> [Supplied data]
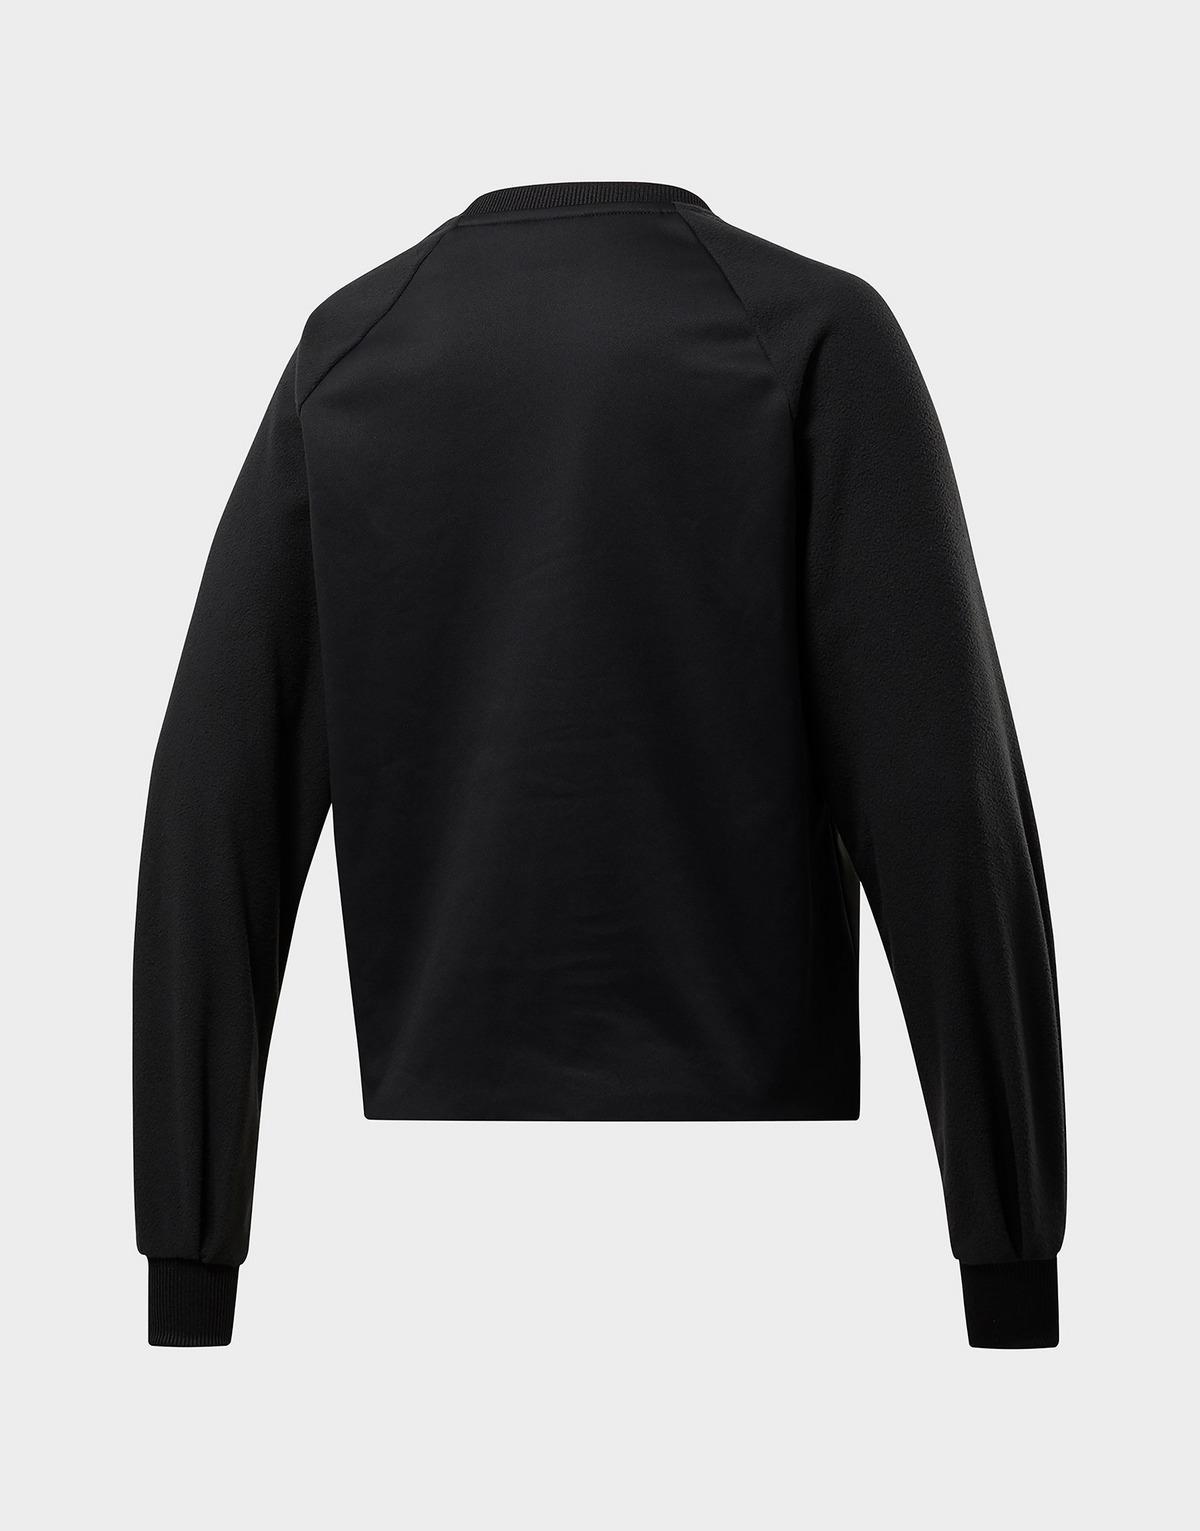 Reebok Classics Crew Sweatshirt
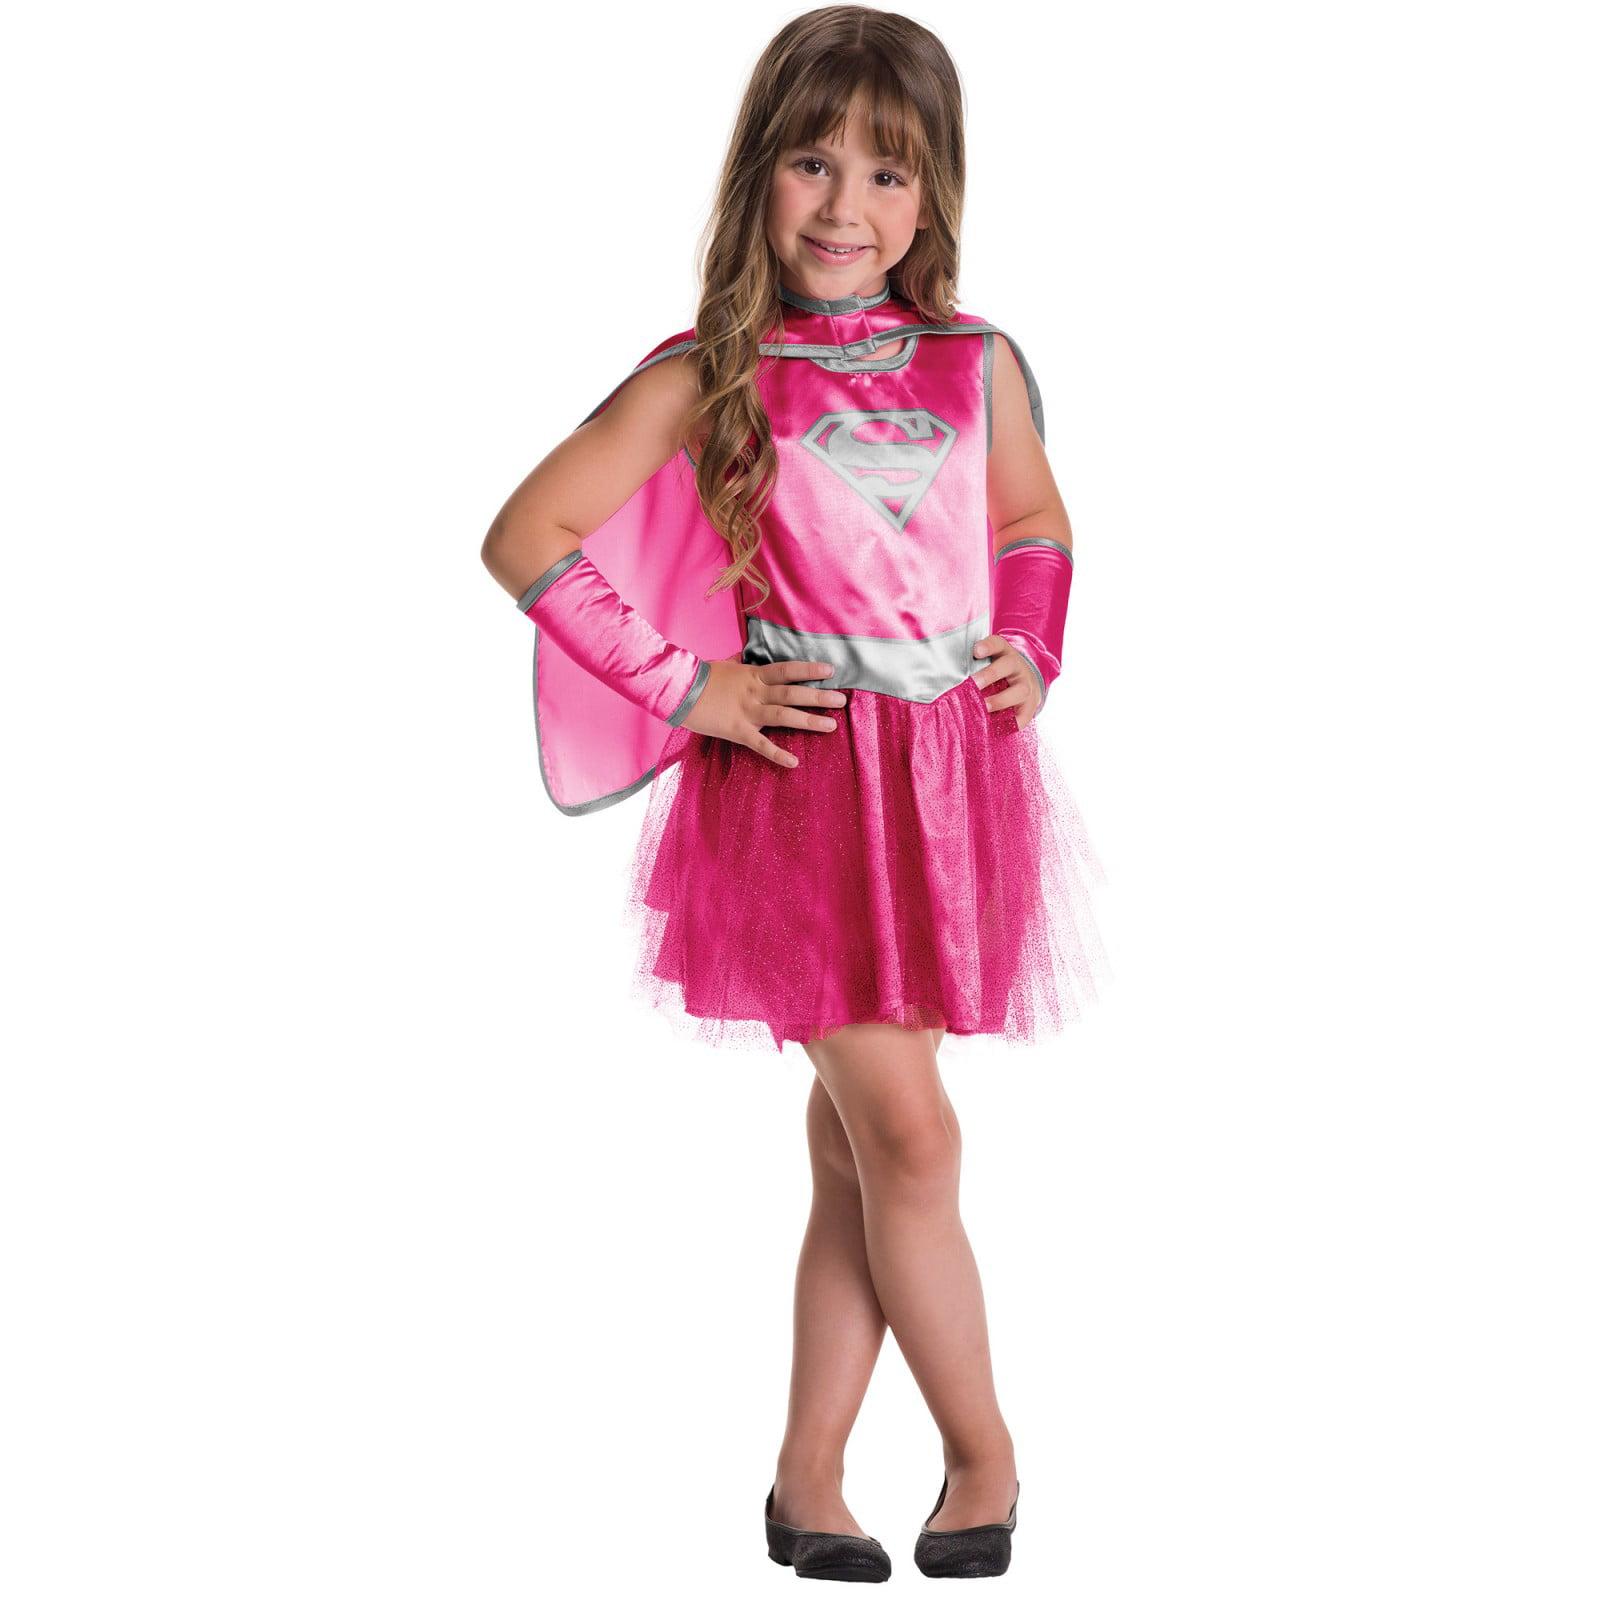 Supergirl Dress and Cape Set
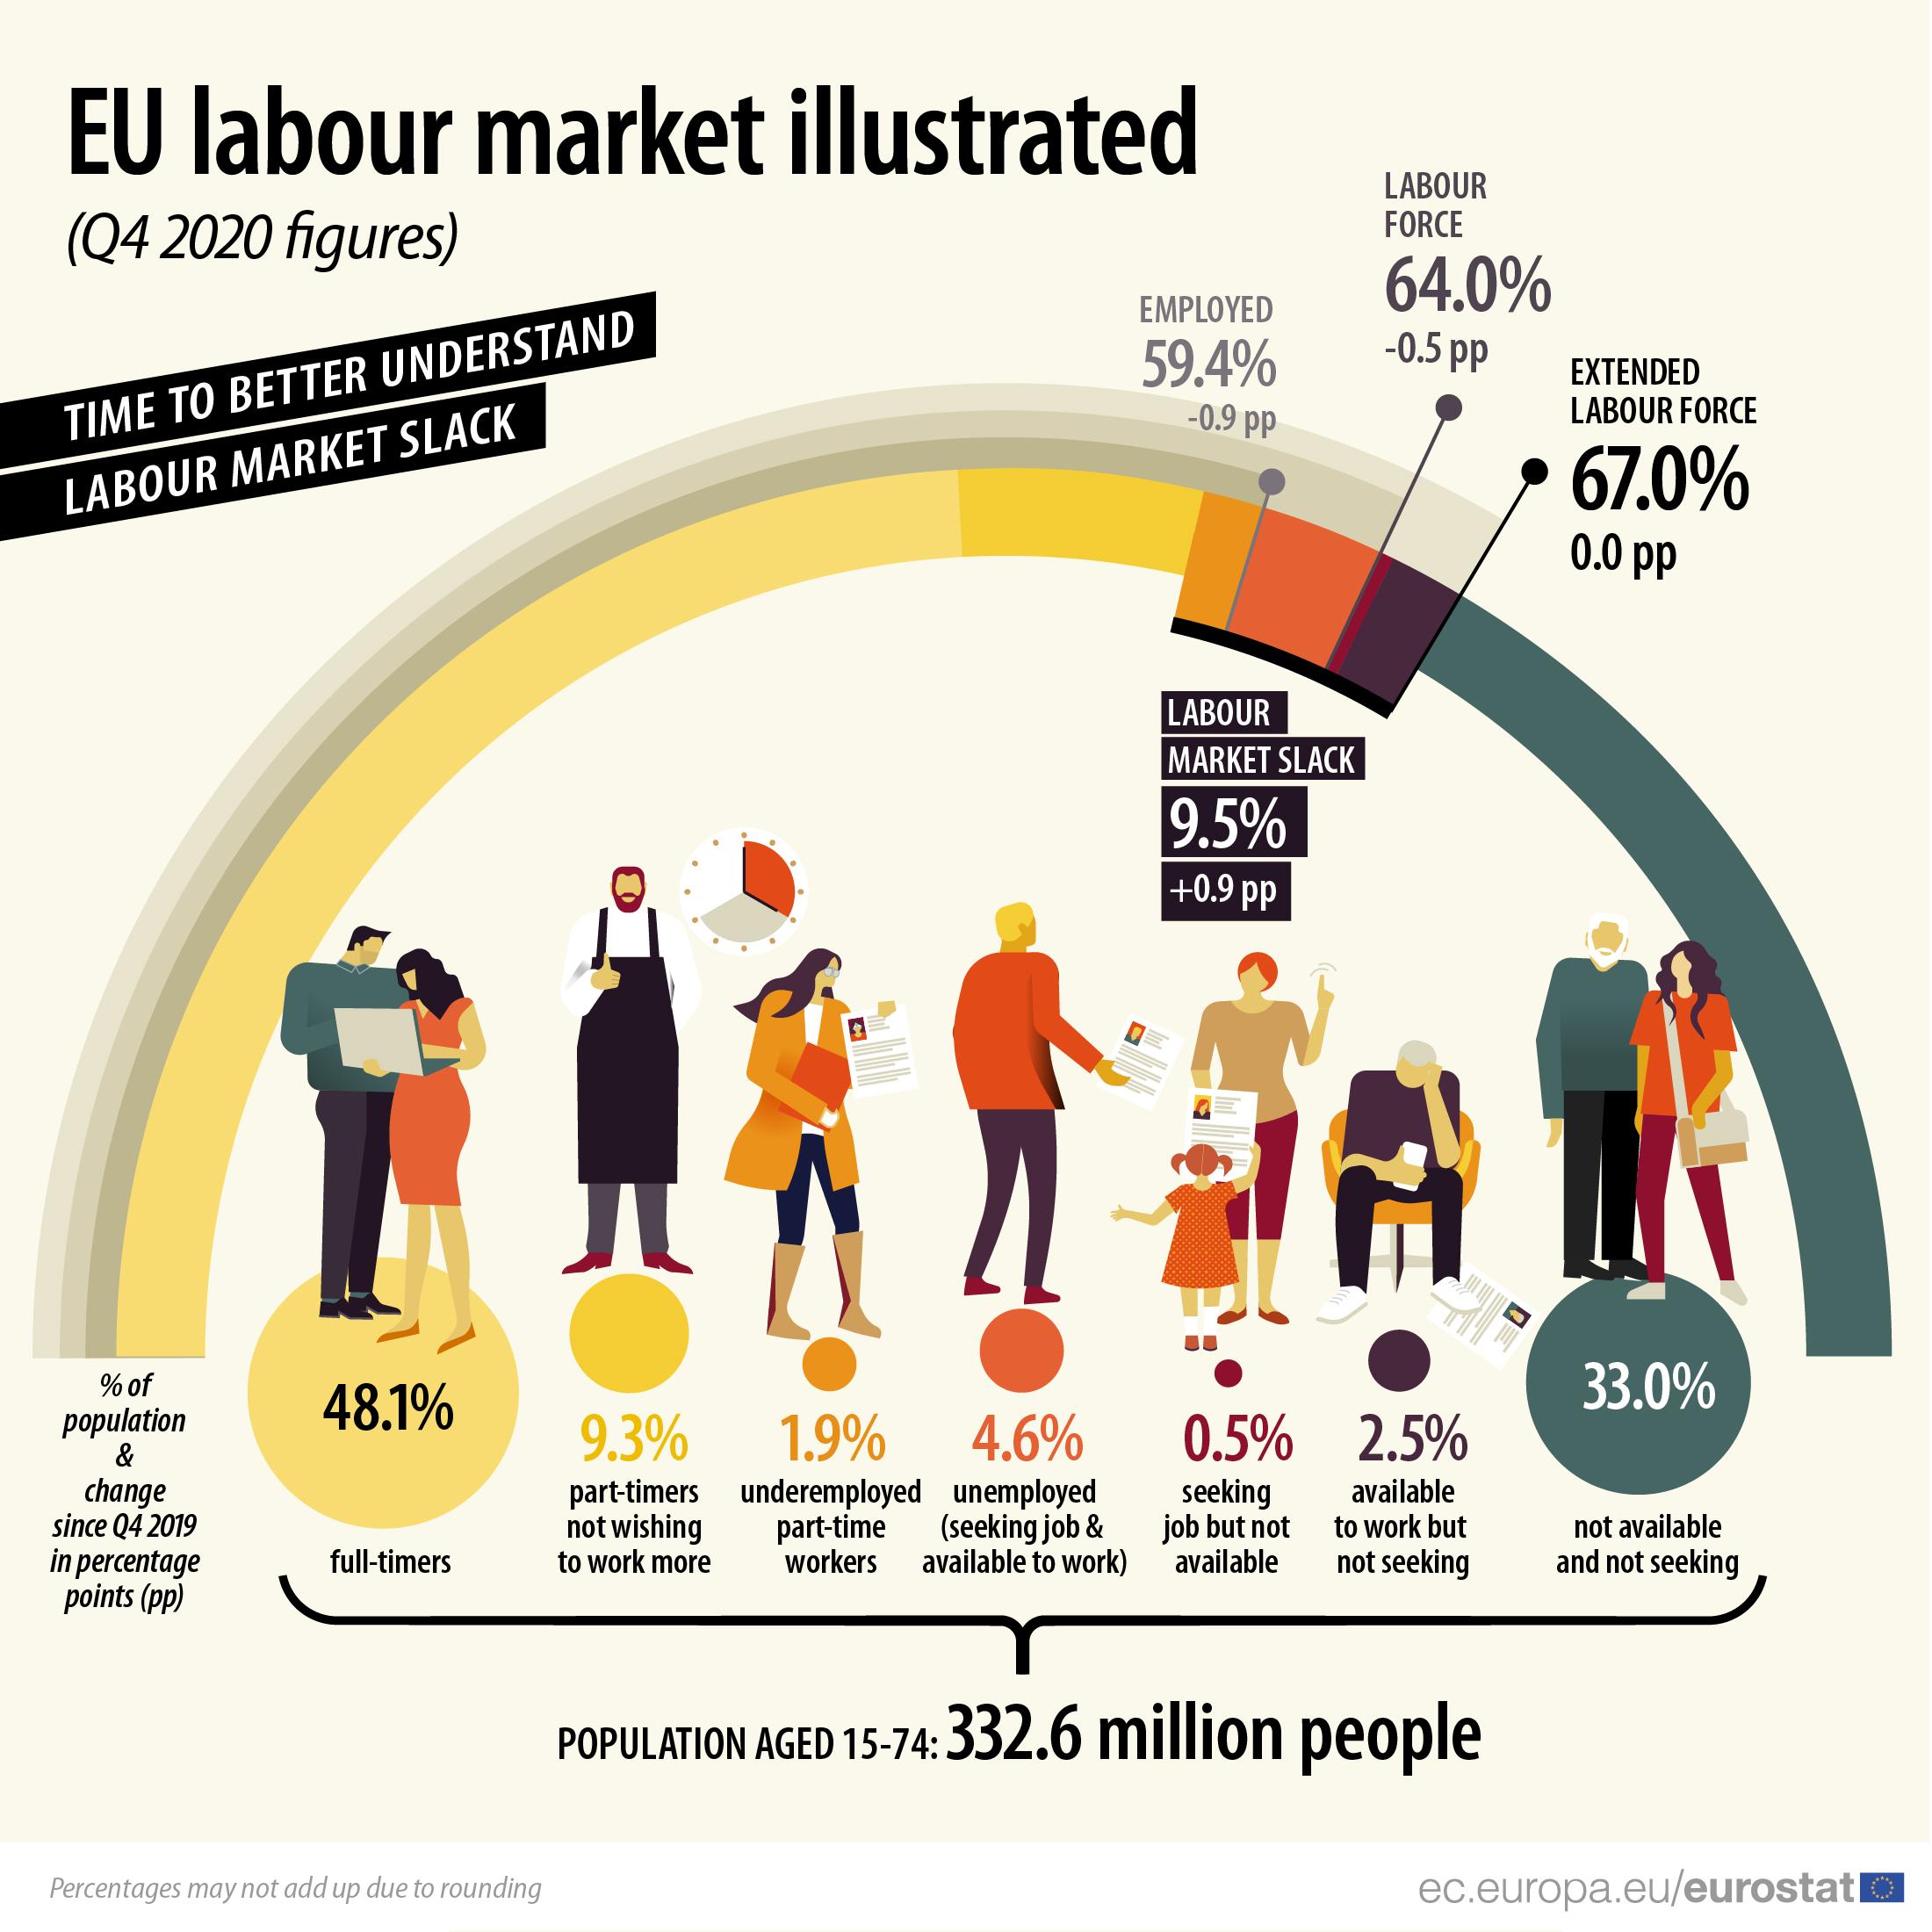 EU labour market illustrated, Q4 2020

> [Exercise description]
Without the pictures, transcribe the listing above exactly.

> [Response below]
 Reebok Classics Crew Sweatshirt
 Supergirl Dress and Cape Set
 EU labour market illustrated, Q4 2020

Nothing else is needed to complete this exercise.